**Data section:**
━━━━━━━━━━━━━━━━━━━━

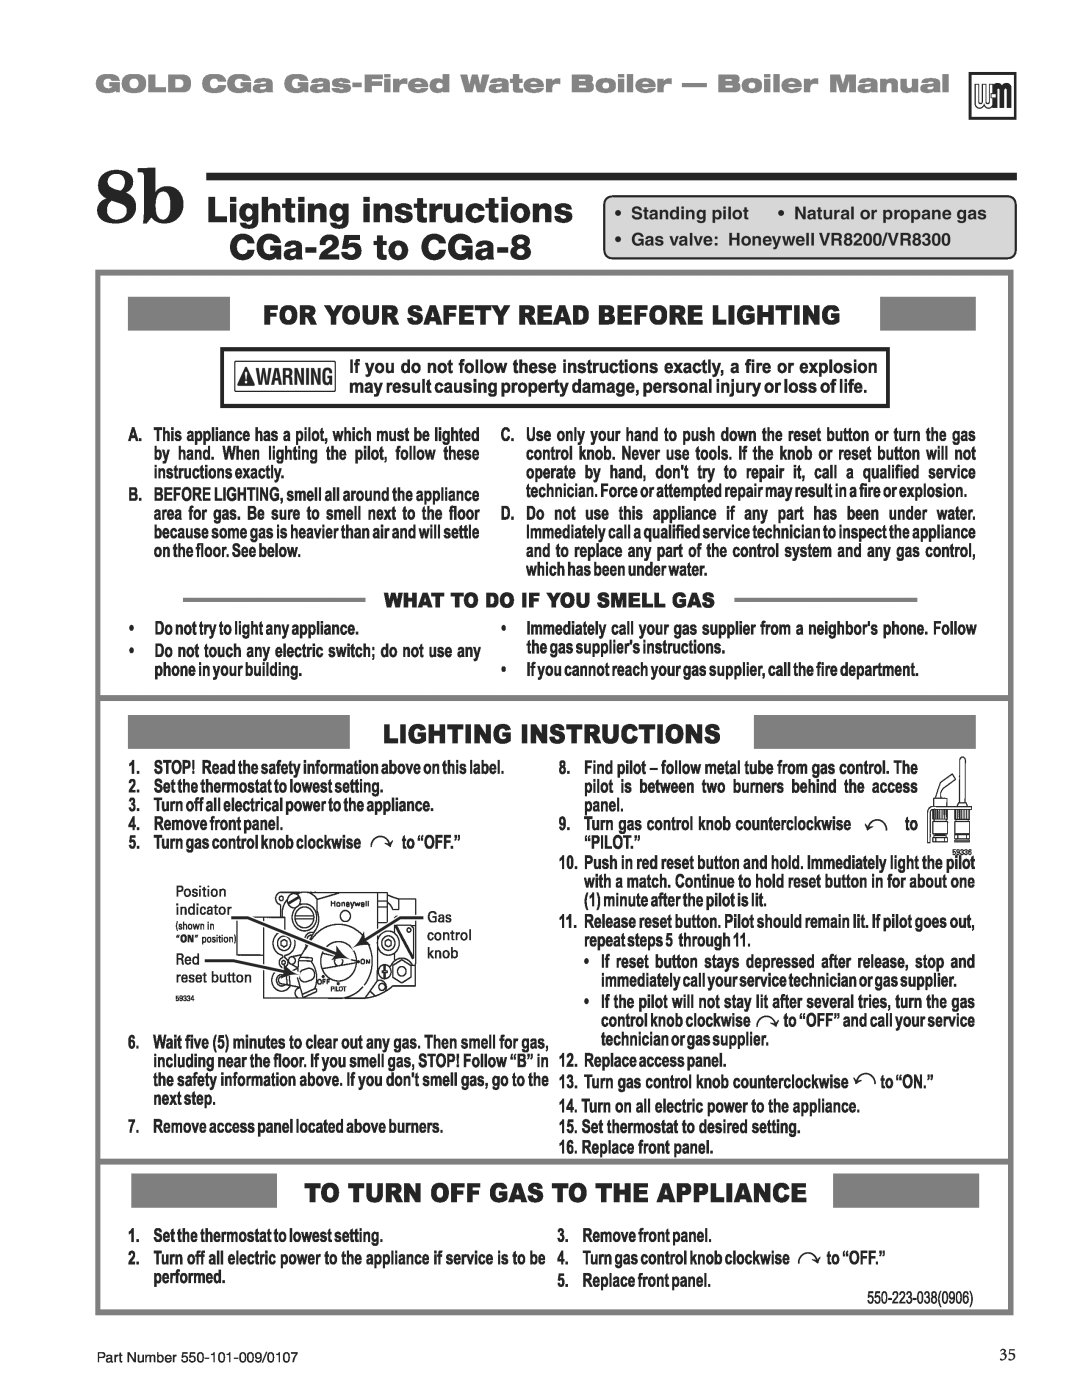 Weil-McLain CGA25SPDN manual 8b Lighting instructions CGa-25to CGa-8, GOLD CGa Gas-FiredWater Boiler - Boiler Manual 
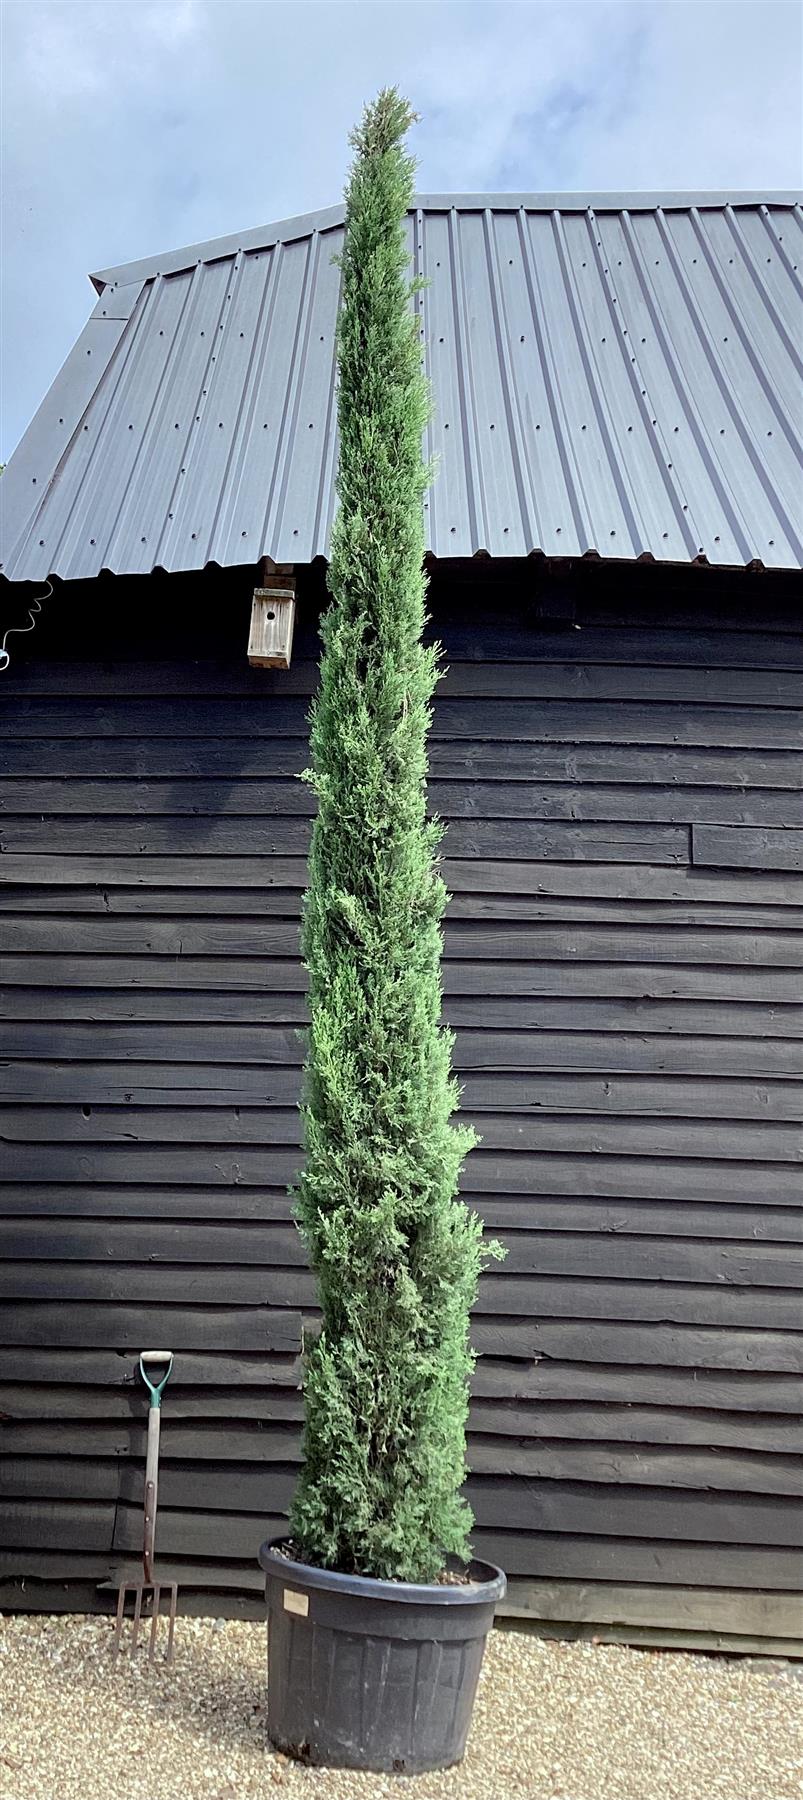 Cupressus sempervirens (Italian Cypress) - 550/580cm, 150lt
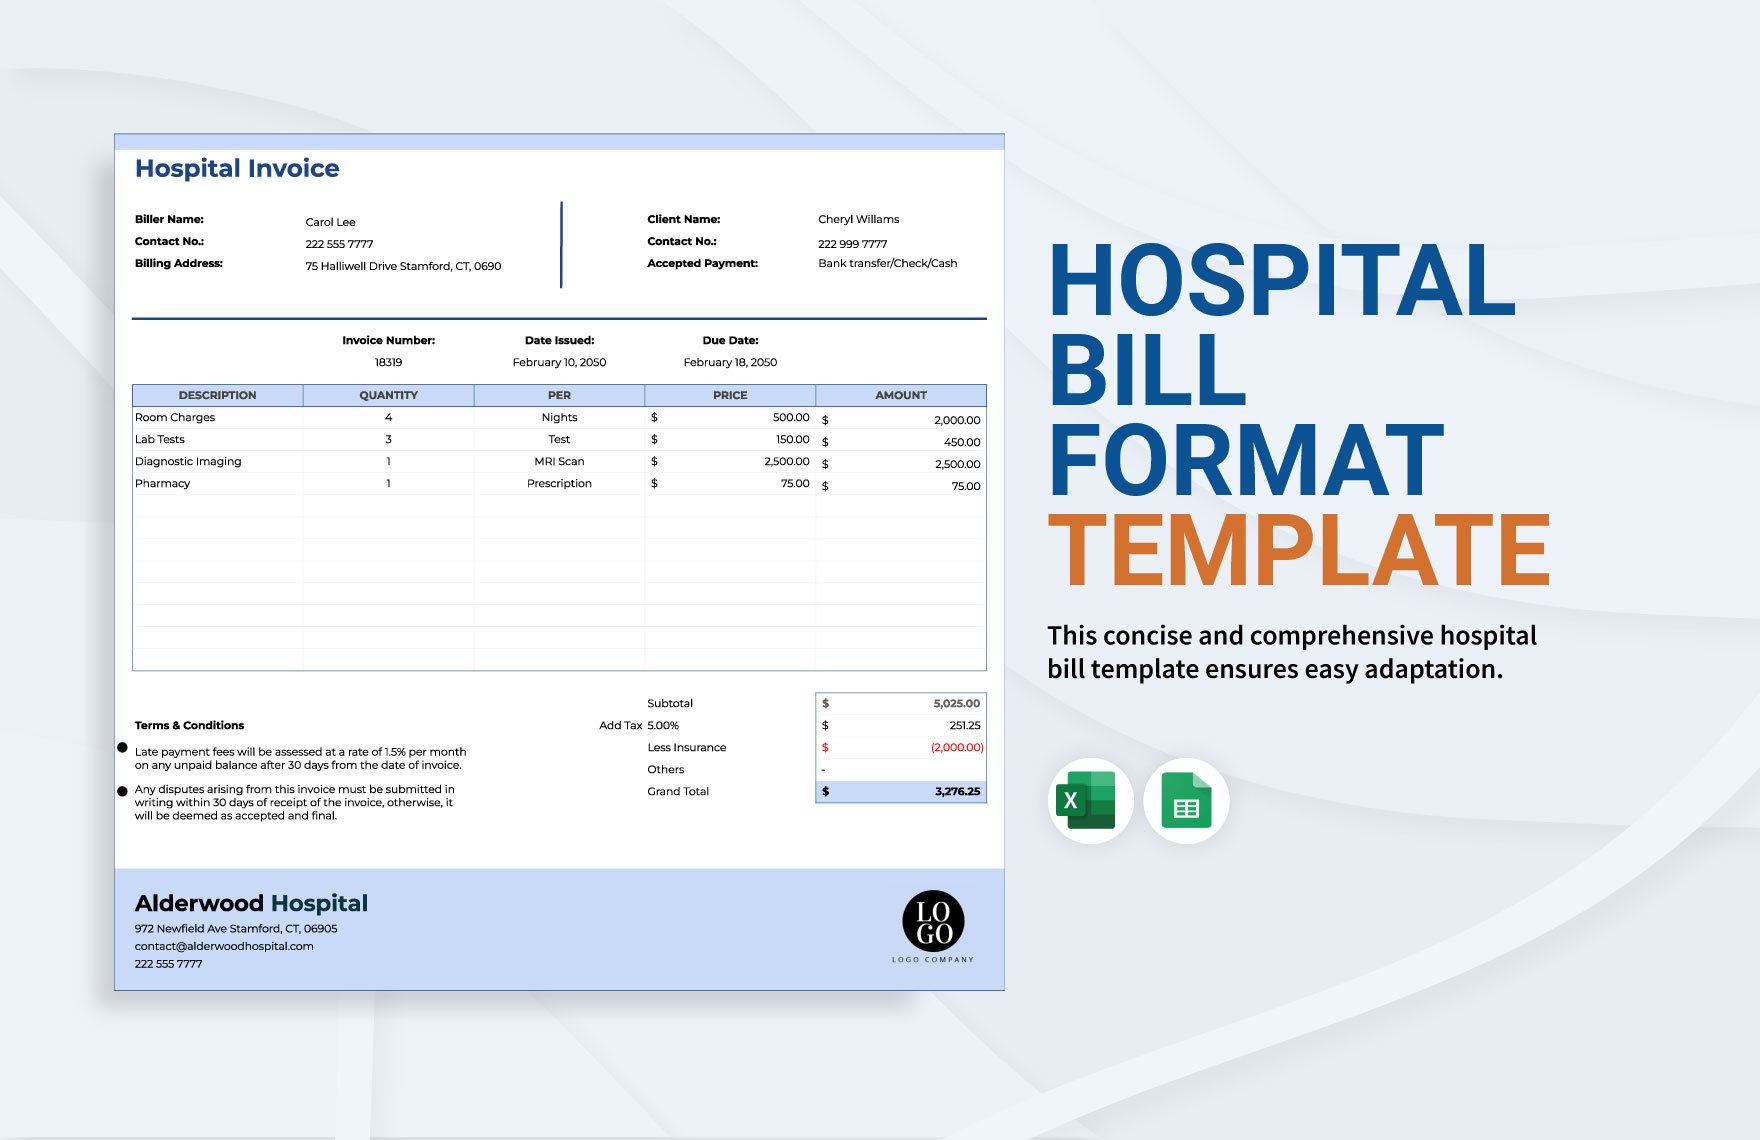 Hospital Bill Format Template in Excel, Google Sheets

━━━━━━━━━━━━━━━━━━━━

Print out all the material above exactly as it appears, omitting the images.

 Weil-McLain CGA25SPDN manual 8b Lighting instructions CGa-25to CGa-8, GOLD CGa Gas-FiredWater Boiler - Boiler Manual 
 Cupressus sempervirens (Italian Cypress) - 550/580cm, 150lt
 Hospital Bill Format Template in Excel, Google Sheets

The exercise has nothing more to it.